An All-Star Game Without Any Yankees? It Wouldn’t Be the First.
Despite a rough stretch in which some fans have questioned the team’s relative lack of transactions in the off-season, the Yankees have had a fairly good year. They are eight games above .500; through Monday, they were in line for a wild-card spot in the postseason. If a few injured players come back strong, the Yankees will be considered a serious playoff contender.
That said, the confluence of a down year for a few stars and the aforementioned injuries could lead to an occurrence that is almost impossible to imagine: The All-Star Game box score this season may not include a Yankees player.
There will be some Yankees at the game, of course. Every team is guaranteed at least one player on the All-Star roster, and the Yankees most likely will have at least two. Aaron Judge, the team’s otherworldly outfielder, will probably be elected as a starter despite being out indefinitely with a toe injury.

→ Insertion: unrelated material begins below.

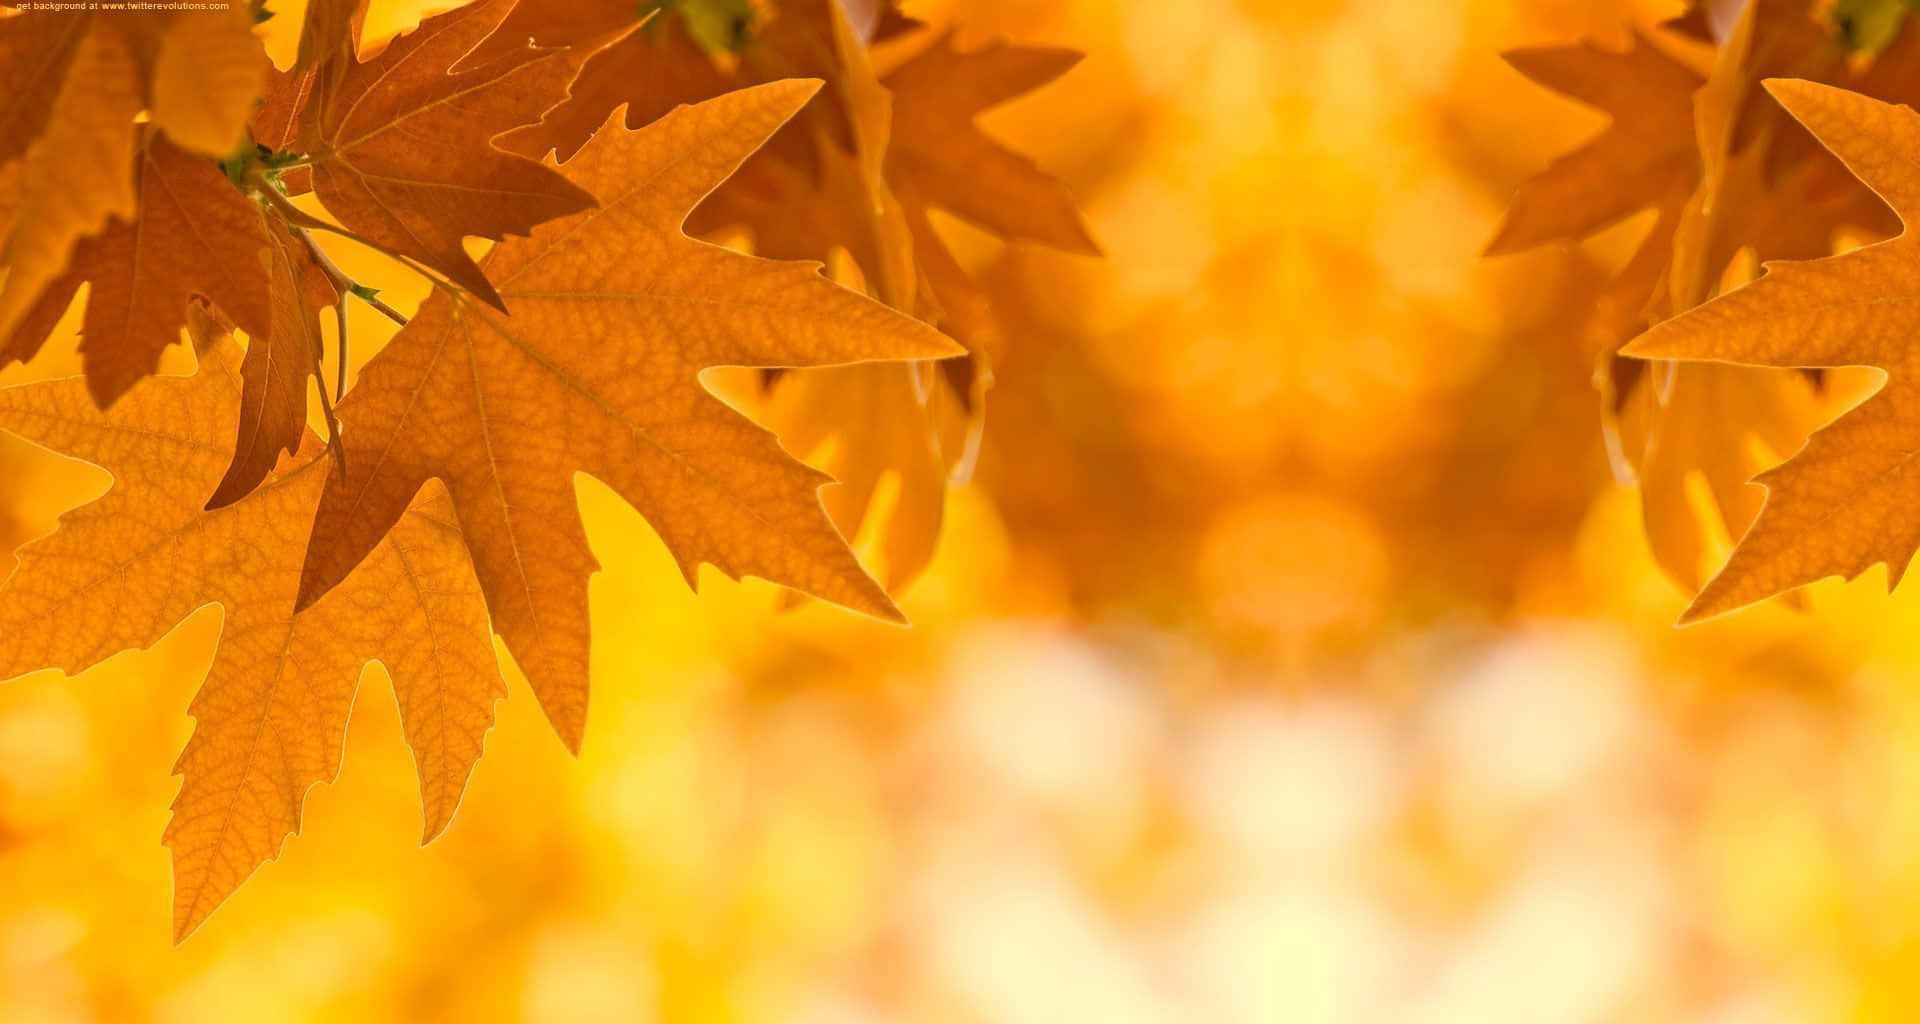 See the beauty of nature with these stunning fall leaves

And it is a safe bet that pitcher Gerrit Cole, the team’s ace, will be named to the team as well.
Cole, who is 8-1 with a 2.78 E.R.A., is the team’s best option to get into the game. The Yankees’ rotation currently lines up for him to enter the break with sufficient rest, and he should be among the top options to start for the American League. But rest is a tricky thing with starting pitchers. If Cole is not able to get enough rest days before the game, or if the A.L. manager, Dusty Baker of the Houston Astros, chooses to hold him in reserve, he may spend the entire game watching.
There is precedent for that. Cole has been selected to an All-Star team five times — once with the Pirates, twice with the Astros and twice with the Yankees — but he has appeared in the game only once, throwing a scoreless inning in 2015.
Beyond Cole, no other Yankee looks like a lock to make the roster. Clay Holmes’s numbers as the closer are good but not great. Michael King, a top reliever, has struggled recently. First baseman Anthony Rizzo has a lot of competition. So there is a possibility that the Yankees will not have a single player enter the game, which will be held on July 11 in Seattle.
A box score shutout would be quite a feat: It has not happened to the Yankees since 1991, when Scott Sanderson was the team’s lone representative at the game in Toronto and did not pitch. Overall, at least one Yankees player has appeared in 90 of the 92 All-Star Games.
Sanderson, who joined the Yankees before the 1991 season, was a bright spot in a horrible stretch in which the team finished with a losing record in four consecutive seasons. He was 9-3 at the 1991 All-Star break but with only a few days of rest after his last start of the first half, he did not get into the game as the A.L. manager, Tony La Russa of the A’s, used four starters (Jack Morris, Jimmy Key, Roger Clemens and Jack McDowell) and three relievers (Jeff Reardon, Rick Aguilera and Dennis Eckersley).
Sanderson’s inability to pitch in his only All-Star Game was a shame for a veteran pitcher having perhaps his most impressive season.
“He gave us a quality effort almost every time out,” Yankees Manager Stump Merrill said of Sanderson at the end of a season in which he won 16 games for a 91-loss team. “I hope the young guys on this team were paying attention when he was on the mound. They could have learned a lot.”
The only other time the Yankees were shut out of an All-Star Game box score was in 1943, and that time it was about proving a point.
Joe DiMaggio was away for military service, and the team, which went on to win the World Series that year, was represented at the game by catcher Bill Dickey; second baseman Joe Gordon; the outfielders Charlie Keller and Johnny Lindell; and the pitchers Tiny Bonham and Spud Chandler.
None of the six Yankees representatives got into the game, which was held at Shibe Park in Philadelphia. Their exclusion was especially notable since the roster decisions were made by Joe McCarthy — the manager of the Yankees.
“We didn’t need them,” McCarthy said boastfully after the game. “We got out there in front early enough. Besides, these other boys deserved a chance to shine. The Yankees have had enough of the limelight.”
In his account of the game, John Drebinger of The New York Times wrote about the A.L.’s dominance in the contest — it was the league’s eighth win in 11 All-Star Games — and said McCarthy’s choice not to use any of his own players only proved how superior his league’s roster was.
“It was, to say the least, a most astonishing demonstration of the junior circuit’s super supply of all-around talent and seemed to kill for all the ancient cry of National Leaguers that it was the Yankees and not the American League that was forever beating them,” Drebinger wrote.
The A.L. will go into this year’s All-Star Game riding a nine-game winning streak. Holding on to that streak without the use of any Yankees players might, once again, prove the might of the junior circuit.